# Dielectric breakdown

by bodensee9
Tags: breakdown, dielectric
 P: 178 1. The problem statement, all variables and given/known data Hello: I am asked to find the maximum voltage in a cylindrical capacitor. The capacitor consists of an inner wire and an outer cylindrical shell.

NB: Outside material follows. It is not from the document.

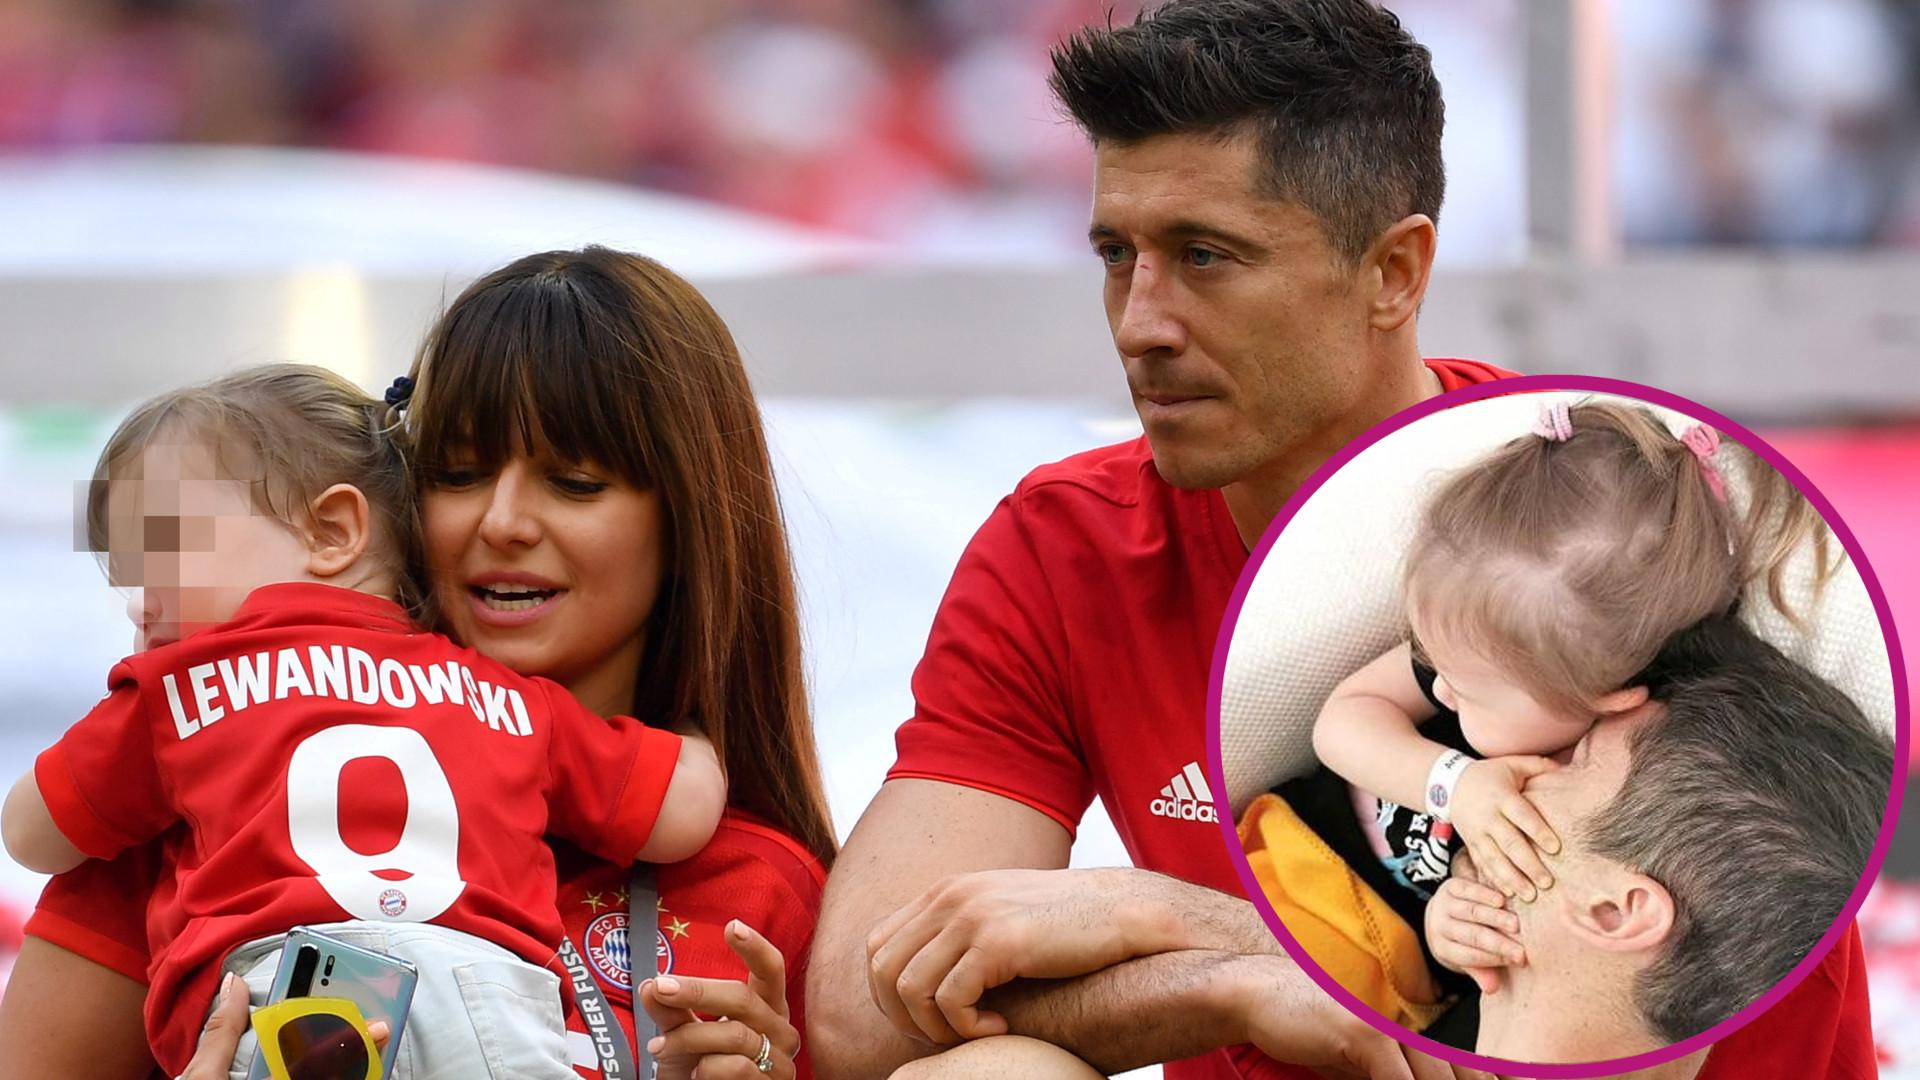 Klara Lewandowska wymiata! Robert Lewandowski podpisuje zdjęcia, a jego córka…

The wire has radius $$r_{1}$$ and the cylinder has inner radius $$r_{2}.$$ The space between the wires is filled with a dielectric having dielectric constant $$\kappa.$$ 2. Relevant equations This is in CGS units (actual calculations have been converted to SI) So I know that the electric field E in a dielectric is $$E_{no_dielectric}/\kappa$$. So then if my cylindrical capacitor has E field = $$\frac{2\lambda}{r}$$, then my E field inside the dielectric material would be $$\frac{2\lambda}{r\kappa}$$. So then if I am given a value for the dielectric strength of the dielectric (say $$A$$, which would happen at the inner radius of the cylindrical shell which is $$r_{2}$$), would I do $$A = \frac{2\lambda}{r\kappa}$$, and then I can find the charge density which is $$\frac{Ar\kappa}{2}$$. And, since the potential between the wire and the shell would be $$2\lambda*ln\frac{r_{2}}{r_{1}}$$, would I just substitute the new value for lambda I got to get the potential? For some reason this was marked wrong? Thanks!